The compilation process in this case is quite similar to the "pure" C++ compilation; However, instead of generating a executable file, it generates a "shared object" which R is capable to load:

Now, it is just use it:

dat<-as.matrix(read.table("mouse.txt"))
rec<-est_bc_inline(dat)
require(fields)
image.plot(rec, col=rev(tim.colors()))

A more realistic example:

##5000 markers
source("simulate_diploid_populations.R")
require(onemap)
dat.bc<-sim.pop.bc(n.ind = 250, n.mrk = 5000, ch.len = 200, missing = 0, n.ch = 1, verbose = FALSE)
dat.bc
dat.bc.t<-dat.bc$geno
system.time(rec<-est_bc_inline(dat.bc.t))
choose(5000, 2)
image.plot(rec, col=rev(tim.colors()))

Using the function sourceCpp

This approach is pretty similar to the inline.
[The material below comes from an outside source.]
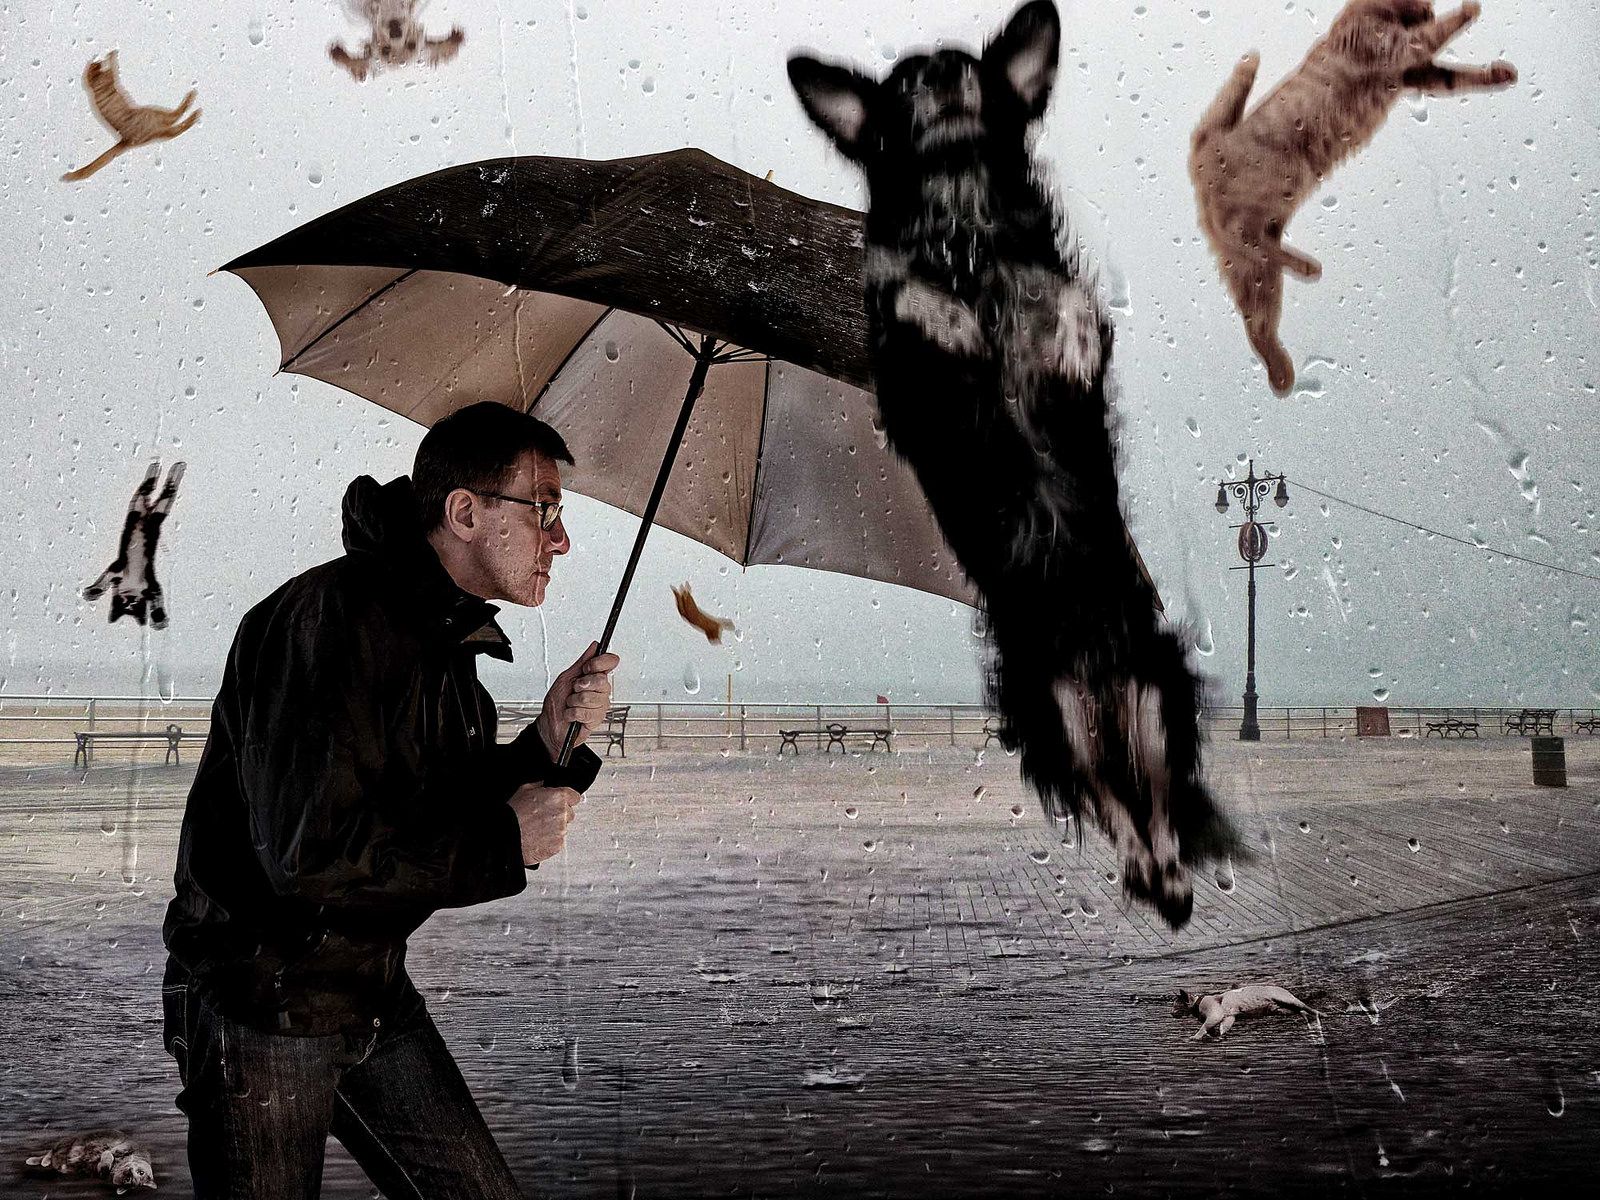 raining cats and dogs. Lexical Lablexicallab.com

Here, instead to write a code as a string in R, we use a separated cpp file with the directive // [[Rcpp::export]].

According to Hadley Wickham's page, at the C-level, all R objects are stored in a common datatype, the SEXP, or S-expression. All R objects are S-expressions so every C function that you create must return a SEXP as output and take SEXPs as inputs. (Technically, this is a pointer to a structure with typedef SEXPREC.). Take a moment to read Wickham's page. You will see a lot of "behind the scenes" about the integration C and R, which is more or less applied to C++.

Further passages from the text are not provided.